[Dataset excerpts]
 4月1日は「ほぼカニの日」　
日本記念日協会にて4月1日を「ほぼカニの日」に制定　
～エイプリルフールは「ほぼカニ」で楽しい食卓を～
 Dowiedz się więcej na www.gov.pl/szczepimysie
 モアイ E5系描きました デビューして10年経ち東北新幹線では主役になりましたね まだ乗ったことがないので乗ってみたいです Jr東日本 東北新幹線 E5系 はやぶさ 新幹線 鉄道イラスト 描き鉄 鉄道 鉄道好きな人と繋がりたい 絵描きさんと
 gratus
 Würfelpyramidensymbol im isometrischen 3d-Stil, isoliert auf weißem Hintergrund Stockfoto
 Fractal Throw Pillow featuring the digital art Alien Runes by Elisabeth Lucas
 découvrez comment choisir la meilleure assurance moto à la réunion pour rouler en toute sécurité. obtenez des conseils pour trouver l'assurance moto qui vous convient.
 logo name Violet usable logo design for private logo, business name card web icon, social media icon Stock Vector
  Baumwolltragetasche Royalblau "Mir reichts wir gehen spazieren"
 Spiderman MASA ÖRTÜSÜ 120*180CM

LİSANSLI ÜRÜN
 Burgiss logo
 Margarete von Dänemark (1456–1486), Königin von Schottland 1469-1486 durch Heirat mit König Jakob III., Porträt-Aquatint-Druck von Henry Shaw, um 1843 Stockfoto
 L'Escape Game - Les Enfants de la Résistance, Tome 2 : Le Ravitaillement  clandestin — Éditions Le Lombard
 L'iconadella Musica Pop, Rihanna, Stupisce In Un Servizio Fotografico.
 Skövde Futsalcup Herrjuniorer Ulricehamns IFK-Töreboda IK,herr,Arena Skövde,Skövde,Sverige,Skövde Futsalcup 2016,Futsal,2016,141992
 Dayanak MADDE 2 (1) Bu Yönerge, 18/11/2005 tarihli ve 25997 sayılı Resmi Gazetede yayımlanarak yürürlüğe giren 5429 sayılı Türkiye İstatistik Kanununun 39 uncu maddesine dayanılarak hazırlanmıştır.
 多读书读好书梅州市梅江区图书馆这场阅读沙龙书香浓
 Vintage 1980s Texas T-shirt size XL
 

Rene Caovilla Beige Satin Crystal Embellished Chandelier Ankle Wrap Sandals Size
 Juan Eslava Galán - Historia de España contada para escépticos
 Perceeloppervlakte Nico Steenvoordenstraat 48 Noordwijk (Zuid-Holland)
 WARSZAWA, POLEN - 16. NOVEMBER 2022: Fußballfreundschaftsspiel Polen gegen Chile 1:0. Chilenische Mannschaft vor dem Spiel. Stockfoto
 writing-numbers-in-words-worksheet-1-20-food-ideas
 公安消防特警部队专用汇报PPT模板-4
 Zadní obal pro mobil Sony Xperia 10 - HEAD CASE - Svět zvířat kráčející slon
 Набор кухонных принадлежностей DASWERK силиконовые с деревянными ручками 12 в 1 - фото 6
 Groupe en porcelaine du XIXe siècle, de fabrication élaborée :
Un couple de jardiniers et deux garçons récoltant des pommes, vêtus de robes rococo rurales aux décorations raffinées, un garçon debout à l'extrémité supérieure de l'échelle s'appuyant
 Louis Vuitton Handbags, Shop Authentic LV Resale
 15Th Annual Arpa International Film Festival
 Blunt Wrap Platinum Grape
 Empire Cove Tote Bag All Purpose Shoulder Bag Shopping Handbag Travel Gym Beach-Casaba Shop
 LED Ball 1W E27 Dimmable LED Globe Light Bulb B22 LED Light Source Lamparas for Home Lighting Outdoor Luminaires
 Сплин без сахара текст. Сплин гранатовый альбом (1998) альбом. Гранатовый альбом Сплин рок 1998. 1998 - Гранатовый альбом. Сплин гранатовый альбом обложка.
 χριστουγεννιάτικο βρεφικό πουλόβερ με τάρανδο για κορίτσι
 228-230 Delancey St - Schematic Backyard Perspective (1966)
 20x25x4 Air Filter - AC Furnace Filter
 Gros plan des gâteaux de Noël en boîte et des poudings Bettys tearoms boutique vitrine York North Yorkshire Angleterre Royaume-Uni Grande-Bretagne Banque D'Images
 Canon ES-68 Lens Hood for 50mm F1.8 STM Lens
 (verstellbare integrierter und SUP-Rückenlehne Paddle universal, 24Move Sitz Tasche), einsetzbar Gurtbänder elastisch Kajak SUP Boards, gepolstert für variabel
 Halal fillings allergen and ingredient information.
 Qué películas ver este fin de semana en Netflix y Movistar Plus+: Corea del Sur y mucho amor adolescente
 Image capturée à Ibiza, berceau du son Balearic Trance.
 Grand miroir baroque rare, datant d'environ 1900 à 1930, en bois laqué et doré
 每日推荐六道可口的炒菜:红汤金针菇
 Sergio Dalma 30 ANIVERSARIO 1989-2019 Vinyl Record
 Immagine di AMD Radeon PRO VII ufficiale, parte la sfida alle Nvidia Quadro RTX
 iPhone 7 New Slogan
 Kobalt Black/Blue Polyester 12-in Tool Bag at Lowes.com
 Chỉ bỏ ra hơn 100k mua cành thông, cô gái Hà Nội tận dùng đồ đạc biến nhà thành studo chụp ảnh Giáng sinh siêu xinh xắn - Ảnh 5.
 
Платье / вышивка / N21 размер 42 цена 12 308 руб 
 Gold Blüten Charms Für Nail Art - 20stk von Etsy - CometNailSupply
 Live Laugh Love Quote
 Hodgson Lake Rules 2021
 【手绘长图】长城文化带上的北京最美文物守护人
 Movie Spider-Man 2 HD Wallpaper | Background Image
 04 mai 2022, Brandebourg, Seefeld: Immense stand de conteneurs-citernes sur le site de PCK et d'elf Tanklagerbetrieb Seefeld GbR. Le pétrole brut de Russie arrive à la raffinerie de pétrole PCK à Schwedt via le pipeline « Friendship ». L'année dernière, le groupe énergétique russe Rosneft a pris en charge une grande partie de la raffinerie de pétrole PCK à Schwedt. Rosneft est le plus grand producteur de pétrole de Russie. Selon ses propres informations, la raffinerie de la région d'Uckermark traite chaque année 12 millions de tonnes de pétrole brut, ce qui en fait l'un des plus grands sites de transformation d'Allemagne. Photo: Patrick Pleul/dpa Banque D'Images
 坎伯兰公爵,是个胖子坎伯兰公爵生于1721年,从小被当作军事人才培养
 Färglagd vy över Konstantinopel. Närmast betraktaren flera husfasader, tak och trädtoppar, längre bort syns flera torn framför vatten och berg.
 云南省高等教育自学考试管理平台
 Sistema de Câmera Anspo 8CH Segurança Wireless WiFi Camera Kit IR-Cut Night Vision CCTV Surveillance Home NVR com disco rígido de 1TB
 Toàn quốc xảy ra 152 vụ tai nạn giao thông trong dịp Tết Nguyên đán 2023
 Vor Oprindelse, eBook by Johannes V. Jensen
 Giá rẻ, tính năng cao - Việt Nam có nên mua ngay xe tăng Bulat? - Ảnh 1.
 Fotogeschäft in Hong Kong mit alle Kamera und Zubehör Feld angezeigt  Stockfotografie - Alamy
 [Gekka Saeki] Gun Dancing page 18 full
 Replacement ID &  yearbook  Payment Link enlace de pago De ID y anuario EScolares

◆ ASSIGNMENT: Your task is to reproduce the entries exactly, starting at the first line and ending with the line containing "Fractal Throw Pillow".

◆ EXERCISE SOLUTION:
 4月1日は「ほぼカニの日」　
日本記念日協会にて4月1日を「ほぼカニの日」に制定　
～エイプリルフールは「ほぼカニ」で楽しい食卓を～
 Dowiedz się więcej na www.gov.pl/szczepimysie
 モアイ E5系描きました デビューして10年経ち東北新幹線では主役になりましたね まだ乗ったことがないので乗ってみたいです Jr東日本 東北新幹線 E5系 はやぶさ 新幹線 鉄道イラスト 描き鉄 鉄道 鉄道好きな人と繋がりたい 絵描きさんと
 gratus
 Würfelpyramidensymbol im isometrischen 3d-Stil, isoliert auf weißem Hintergrund Stockfoto
 Fractal Throw Pillow featuring the digital art Alien Runes by Elisabeth Lucas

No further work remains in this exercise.